Tak banyak yang tahu bahwa laki-laki kelahiran Klaten, 28 Agustus 1951 ini dulu nekat kabur dari kota kelahirannya ke Jakarta, malu karena gagal mengikuti jejak kembarannya, Kresno, masuk Fakultas Kedokteran Universitas Airlangga.
Di Jakarta, ia tak punya siapa-siapa. Kak Seto mengaku sempat hidup menggelandang selama tujuh bulan. Tidur di emperan pasar atau di tempat pembuangan sampah, tak jadi masalah buatnya. Ia kemudian bekerja apa saja, menjadi pemulung, kuli pasar, atau tukang batu. Apa pun ia lakukan untuk menyambung hidup.
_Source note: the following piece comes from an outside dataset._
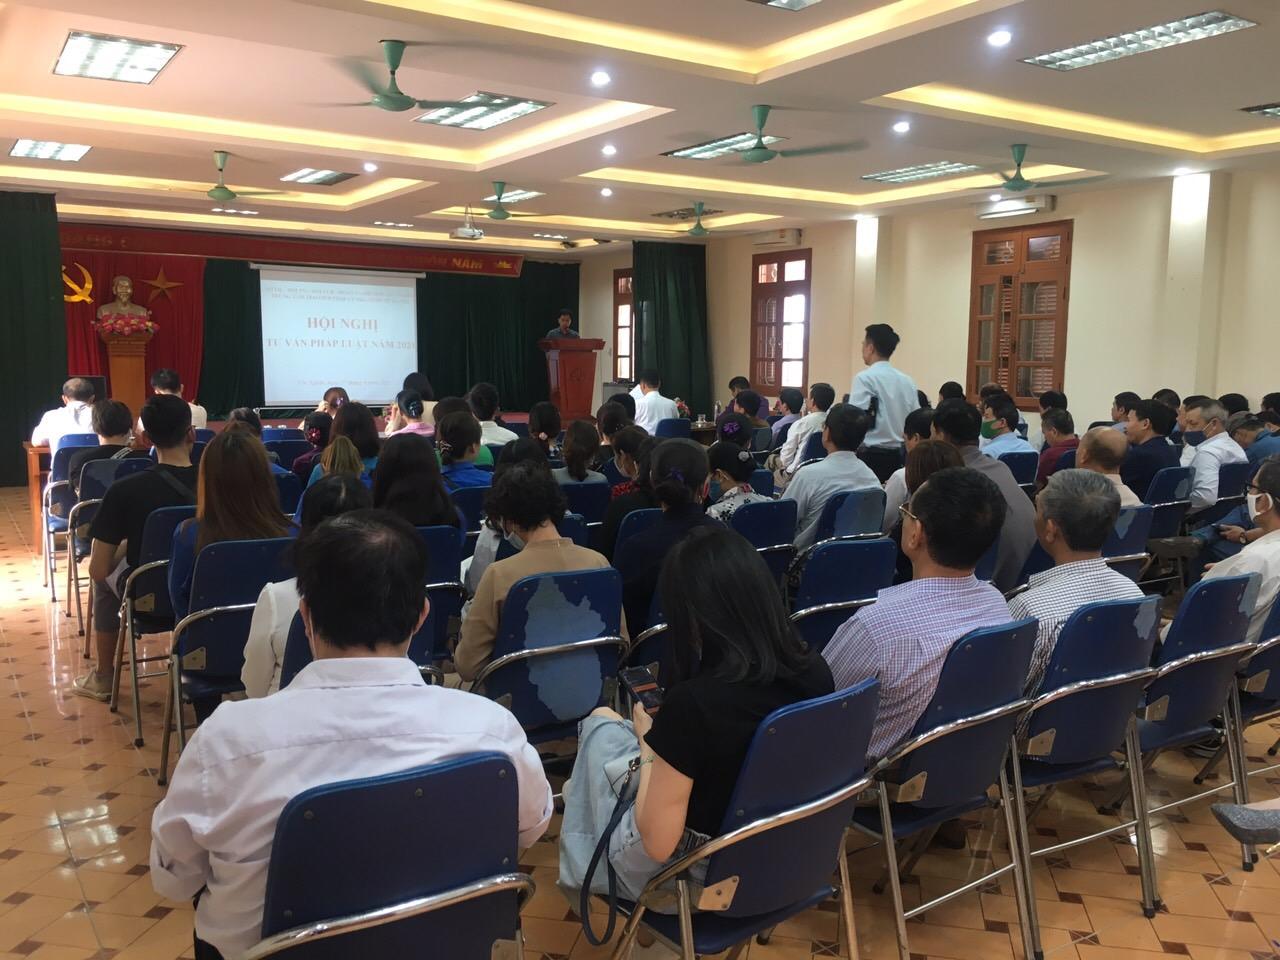 Hội LHPN phường Yên Nghĩa phối hợp tổ chức Hội nghị tư vấn pháp luật năm 2021

Namun Jakarta pula yang kemudian mempertemukannya dengan dunia anak-anak.
Berawal ketika Kak Seto menjadi office boy di kantor sosial milik Bu Nas (alm), istri Jend. A. H. Nasution, yang banyak didatangi para ibu pejabat negara. Dari situ ia mendapat tawaran bekerja sebagai asisten rumah tangga sekaligus pengasuh anak. Beberapa bulan pertama, karena tak ada kamar kosong di rumah itu, Kak Seto terpaksa tidur di tempat bekas kandang ayam.
Tidak tahan, ia pun pamit untuk berhenti. Namun karena dirasa sudah cocok dengan anak-anak di rumah itu, sang ibu memintanya untuk tetap bekerja. Kak Seto kemudian tidur di kamar salah satu anak yang saat itu duduk di kelas 5 SD.
"Saya selama tujuh tahun sebagai asisten rumah tangga di situ, tapi kemudian bisa sambil kuliah (Fakultas Psikologi). Setelah lulus, barulah saya pamit untuk bekerja," kenang Kak Seto menceritakan pengalaman hidupnya kepada Vincent dan Desta di kanal YouTube VINDES.
Saat itulah Kak Seto sempat bekerja sebagai asisten Pak Kasur. "Dik, kalau saya mati, tolong adik yang teruskan perjuangan saya mendidik dan melindungi anak Indonesia," ujar Kak Seto menirukan perkaatan Pak Kasur.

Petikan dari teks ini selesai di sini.